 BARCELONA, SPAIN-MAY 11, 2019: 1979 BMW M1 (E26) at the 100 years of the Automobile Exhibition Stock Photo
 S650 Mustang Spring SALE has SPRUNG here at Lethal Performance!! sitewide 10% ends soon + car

++++++

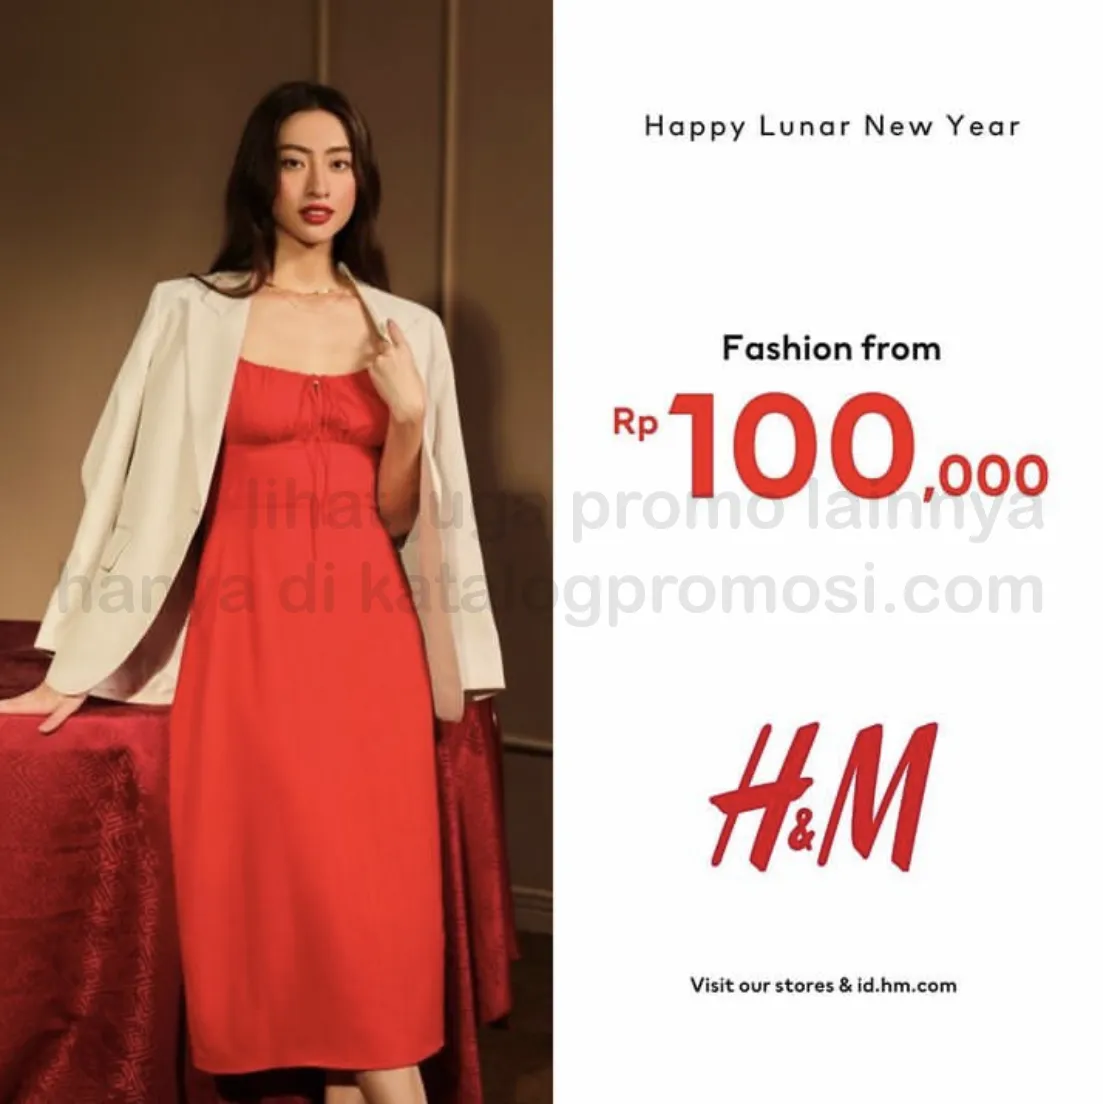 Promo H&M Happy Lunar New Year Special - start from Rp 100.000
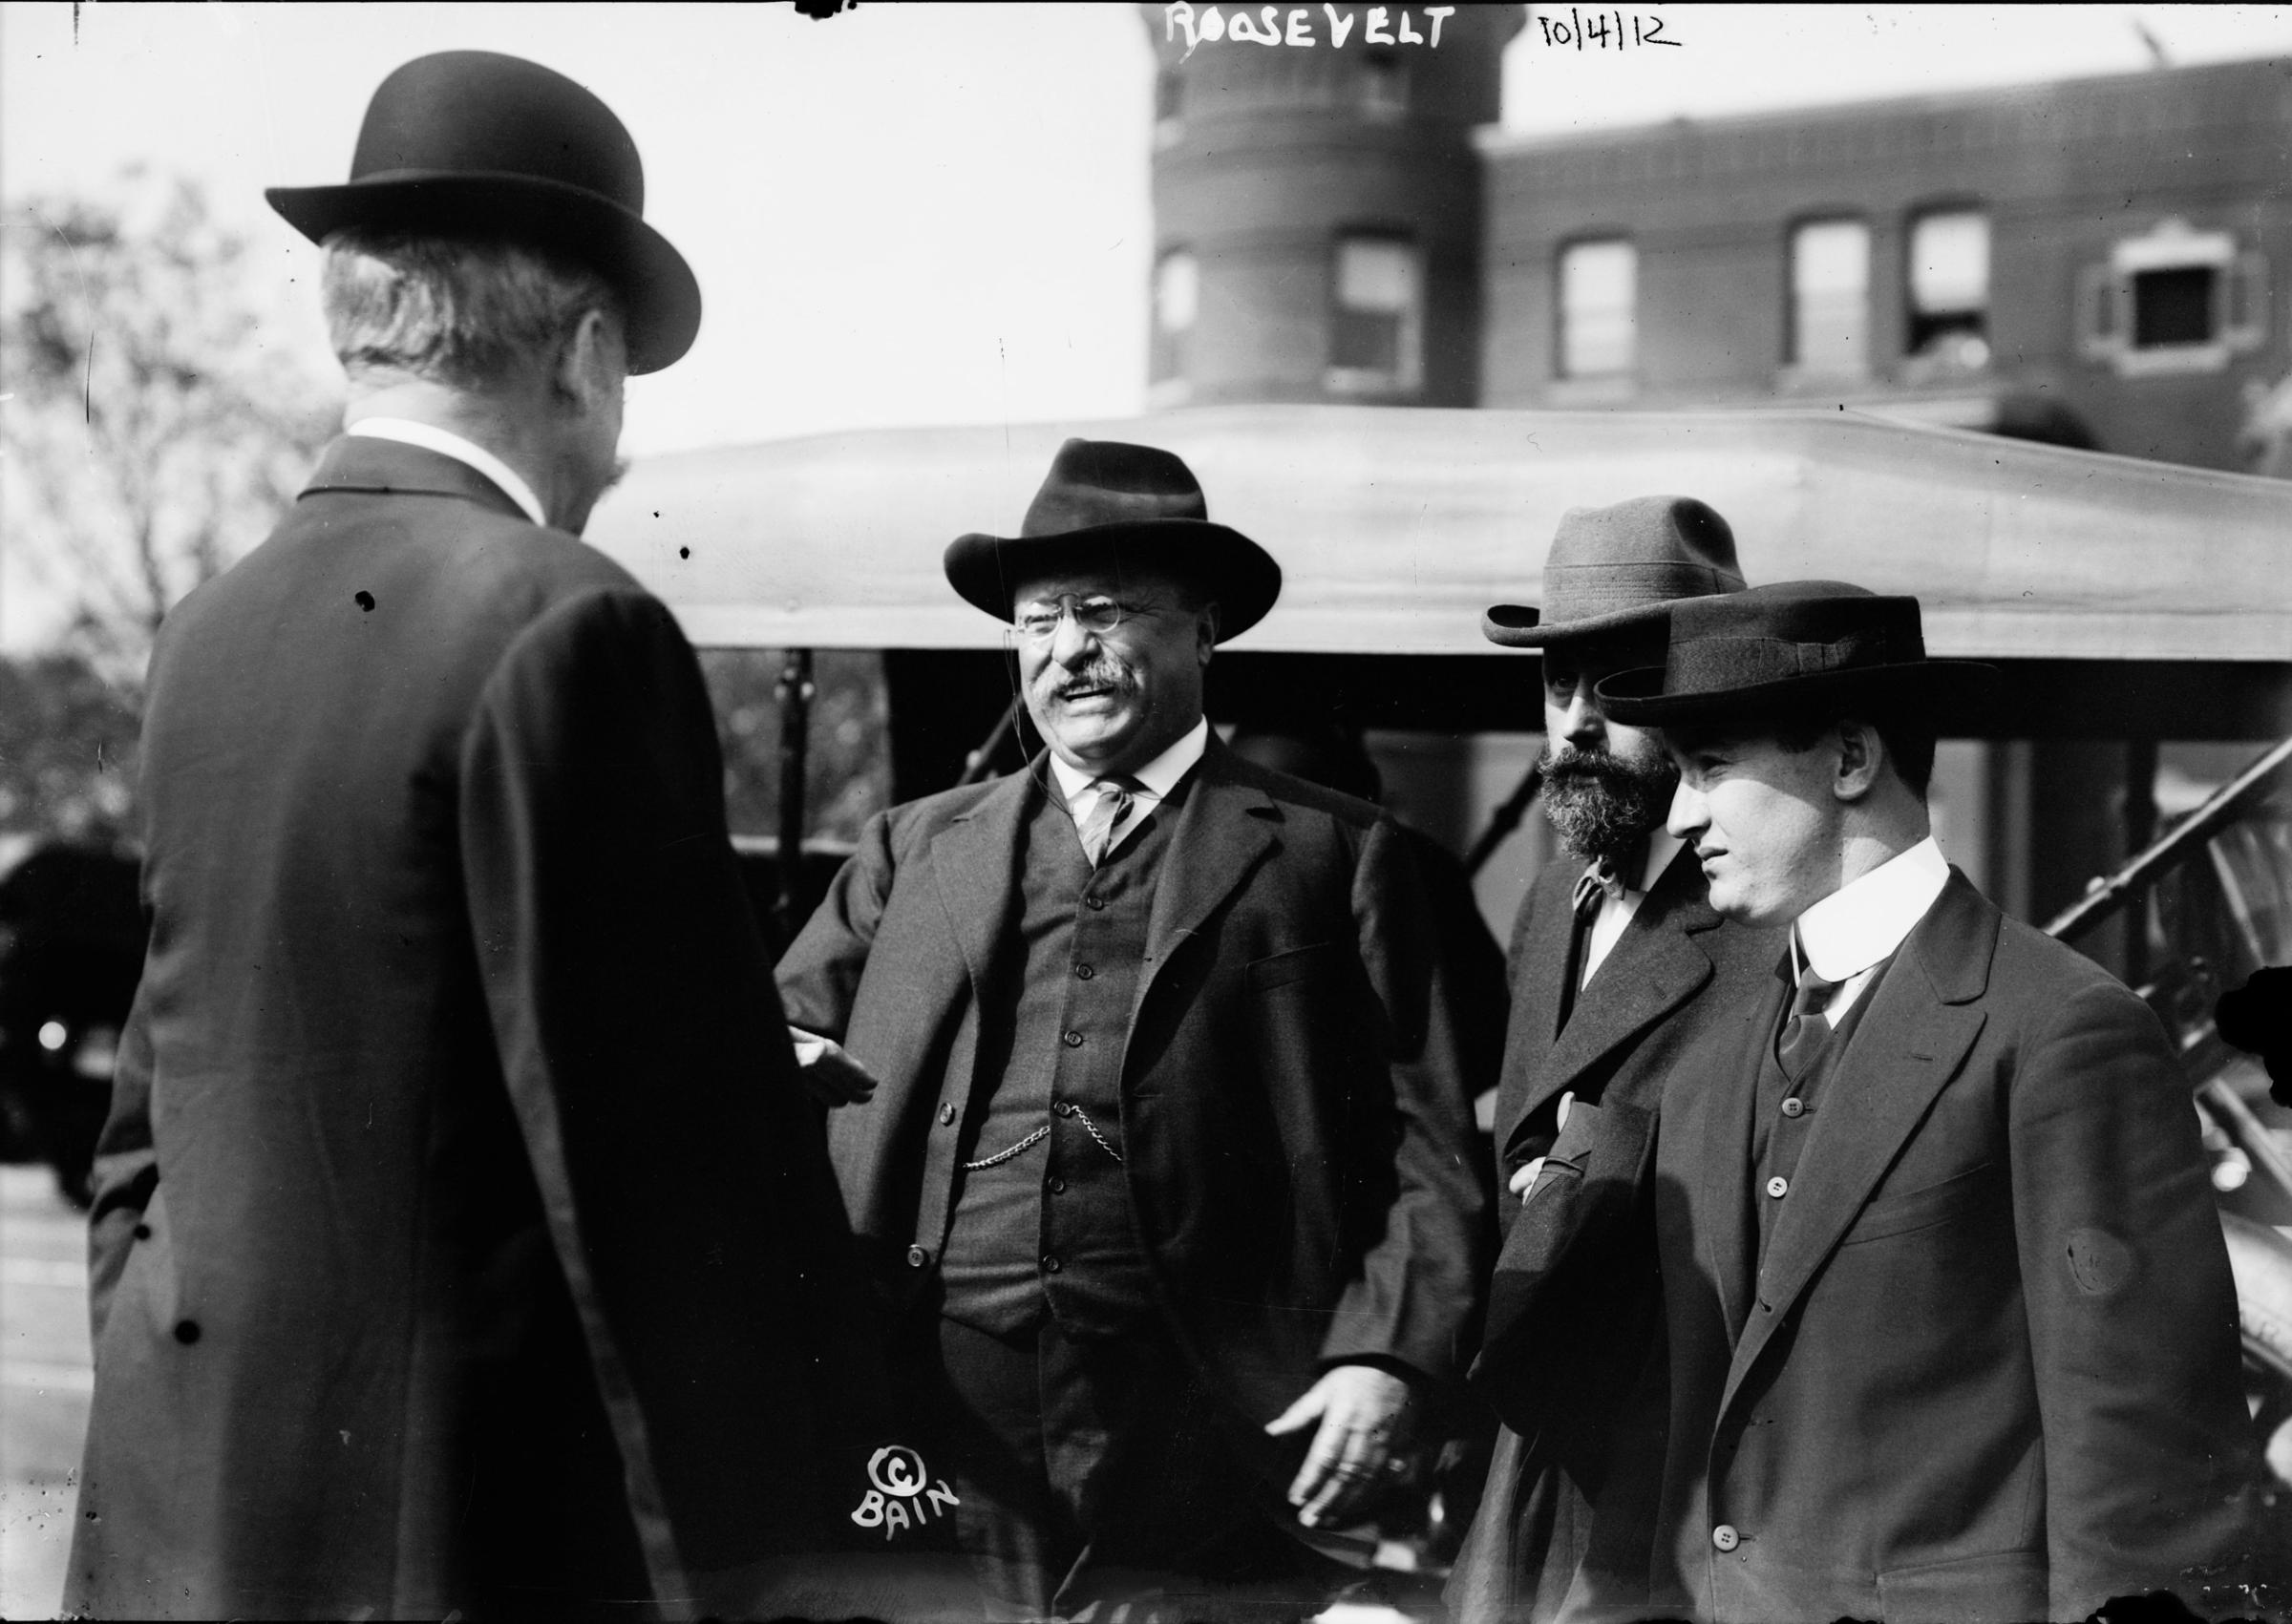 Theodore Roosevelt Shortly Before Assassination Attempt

++++++

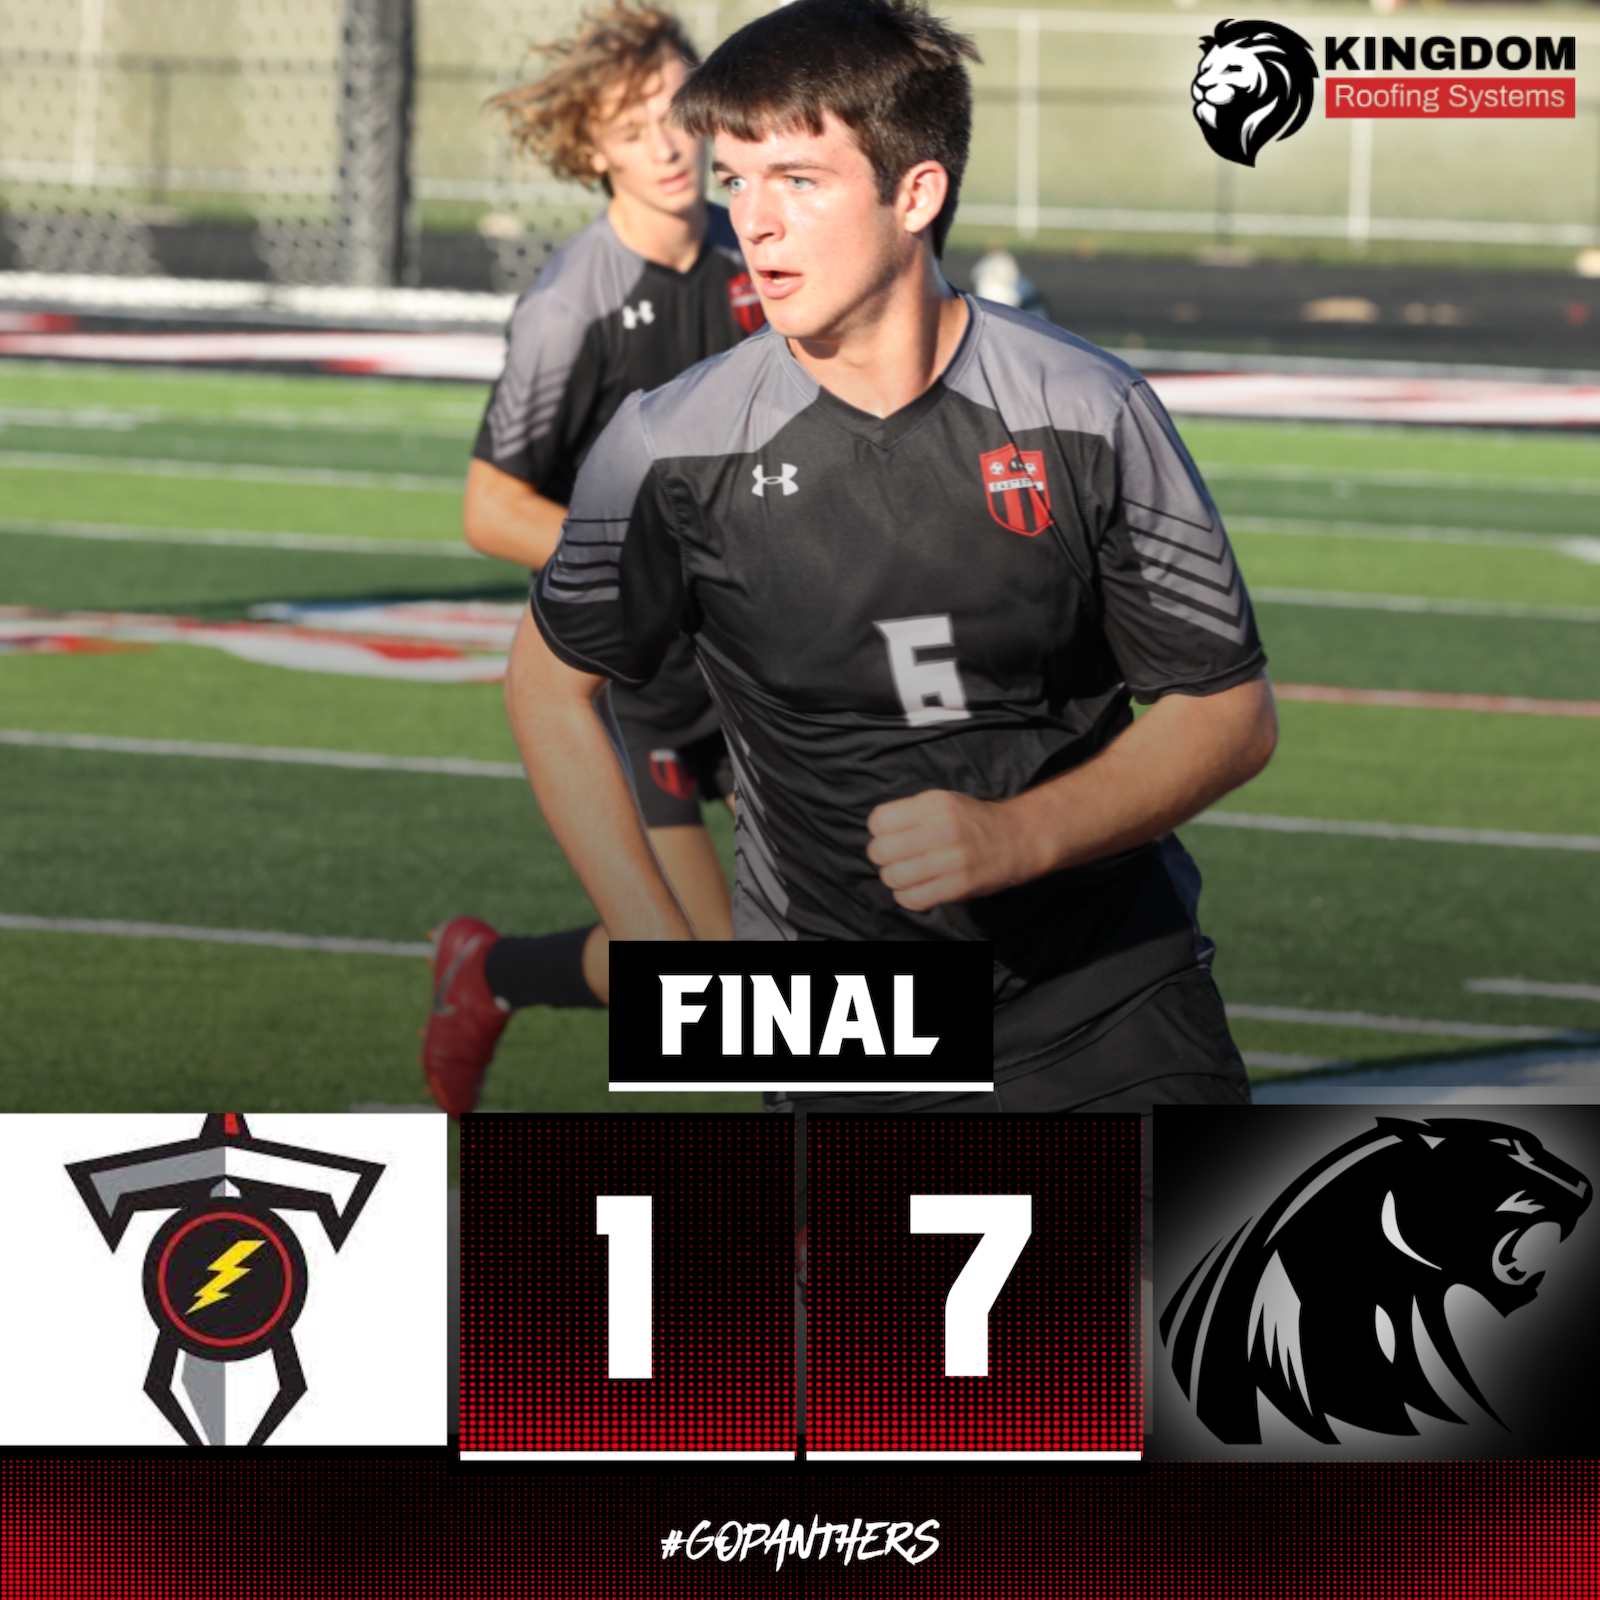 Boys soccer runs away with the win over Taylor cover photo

++++++

▸ **YOUR TASK**
Exactly reproduce the lines above, starting at the one that contains "Promo H&M Happy" and ending at the one that contains "Theodore Roosevelt Shortly", both inclusive; leave the pictures out and add no other lines.

▸ **SOLUTION**
 Promo H&M Happy Lunar New Year Special - start from Rp 100.000
 Theodore Roosevelt Shortly Before Assassination Attempt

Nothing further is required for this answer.